▶ DATASET EXCERPT:

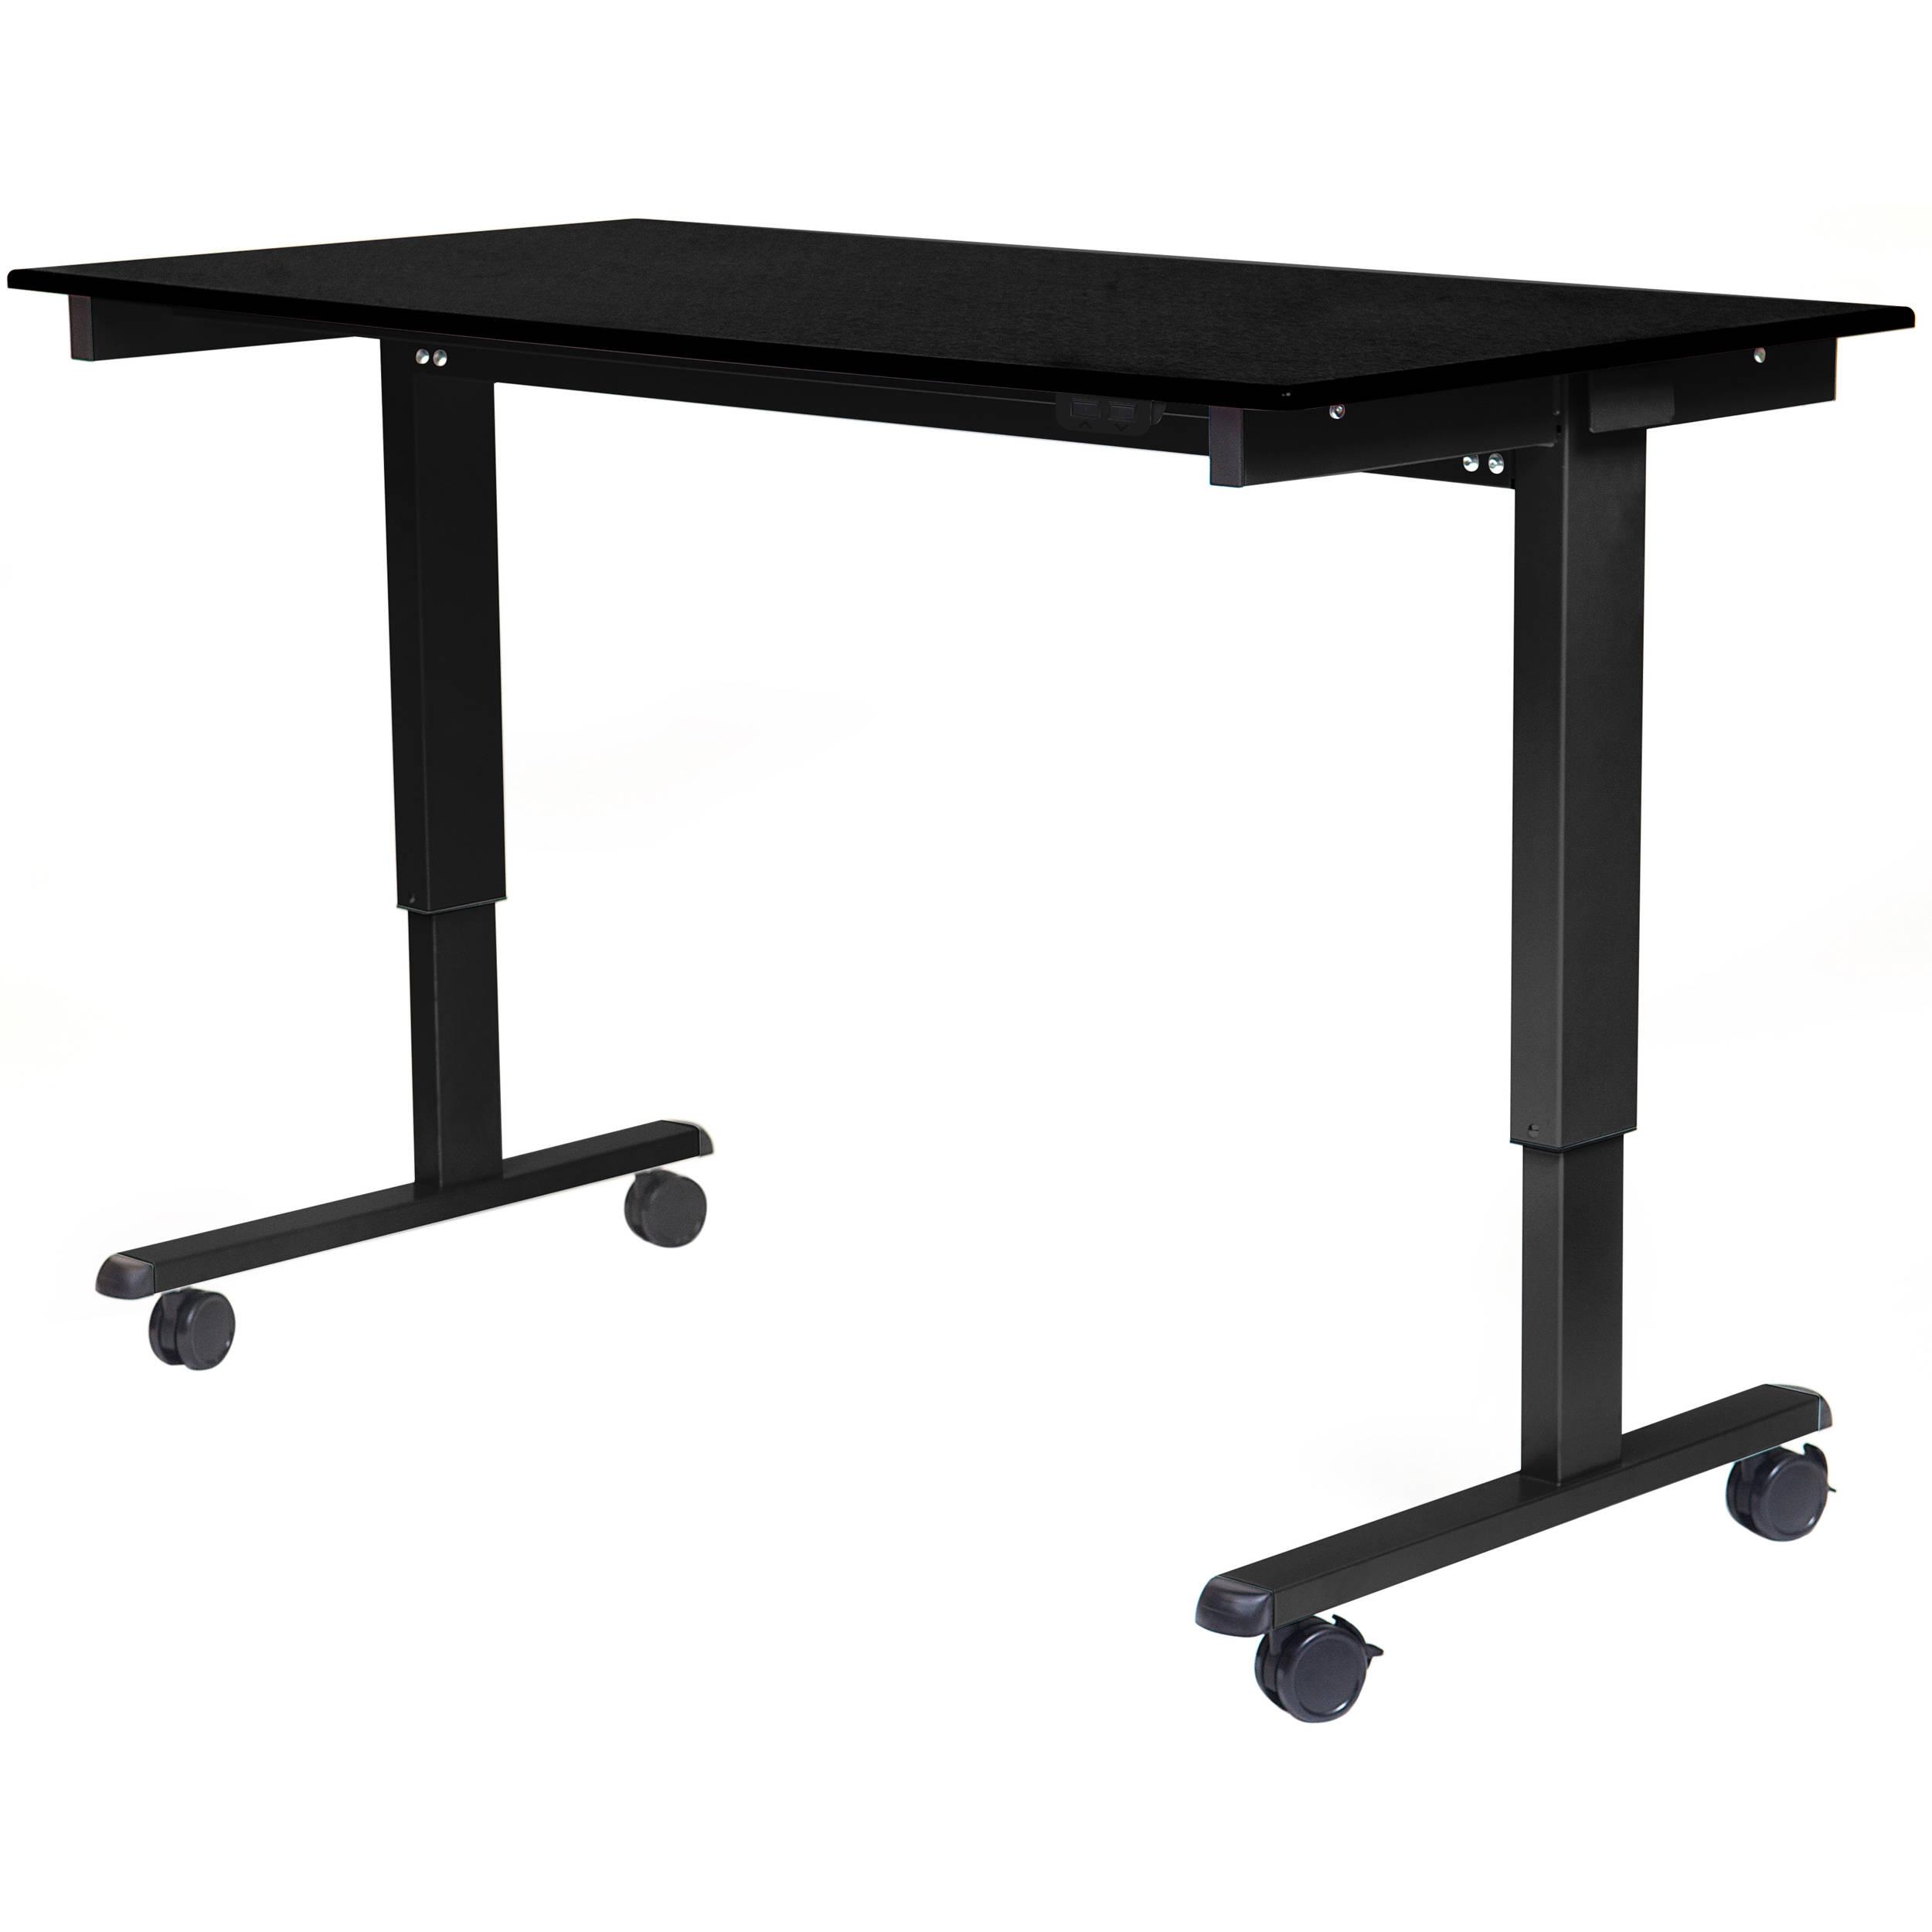 Luxor 60 Electric Standing Desk Black Oak Frame
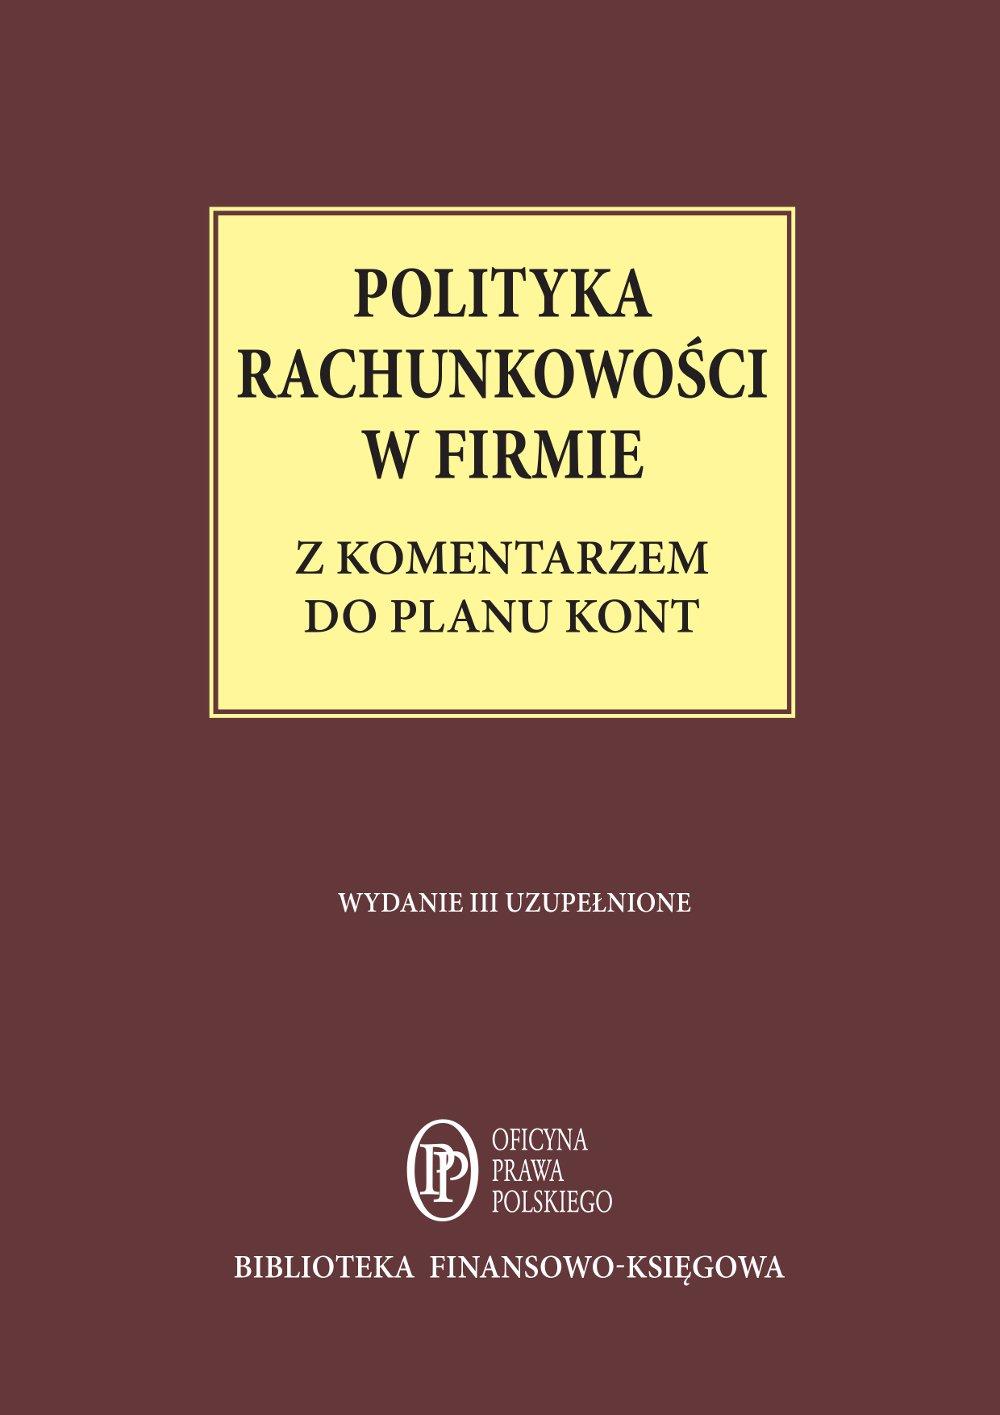 Polityka rachunkowości w firmie z komentarzem do planu kont - stan prawny: 1 lutego 2015 r. - Ebook (Książka PDF) do pobrania w formacie PDF
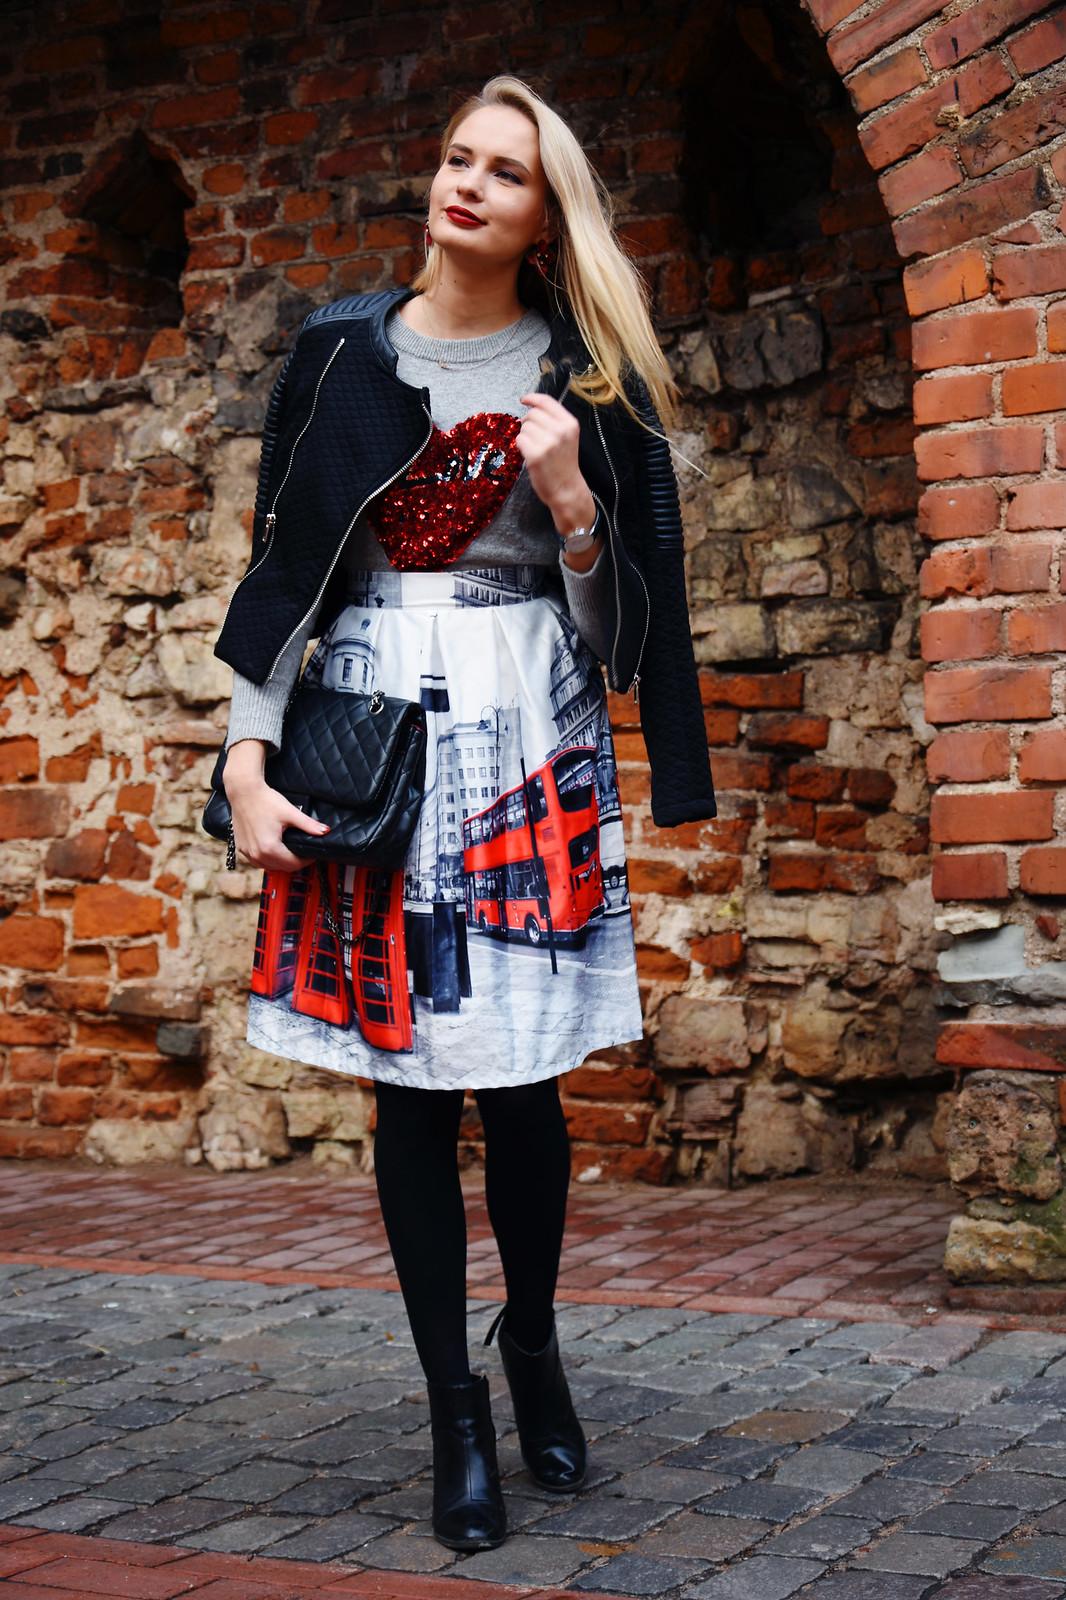 Festive season outfit idea

▶ TASK: Your reply must match the data above line for line, except that it holds no pictures.

▶ RESULT OF THE EXERCISE:
 Luxor 60 Electric Standing Desk Black Oak Frame
 Polityka rachunkowości w firmie z komentarzem do planu kont - stan prawny: 1 lutego 2015 r. - Ebook (Książka PDF) do pobrania w formacie PDF
 Festive season outfit idea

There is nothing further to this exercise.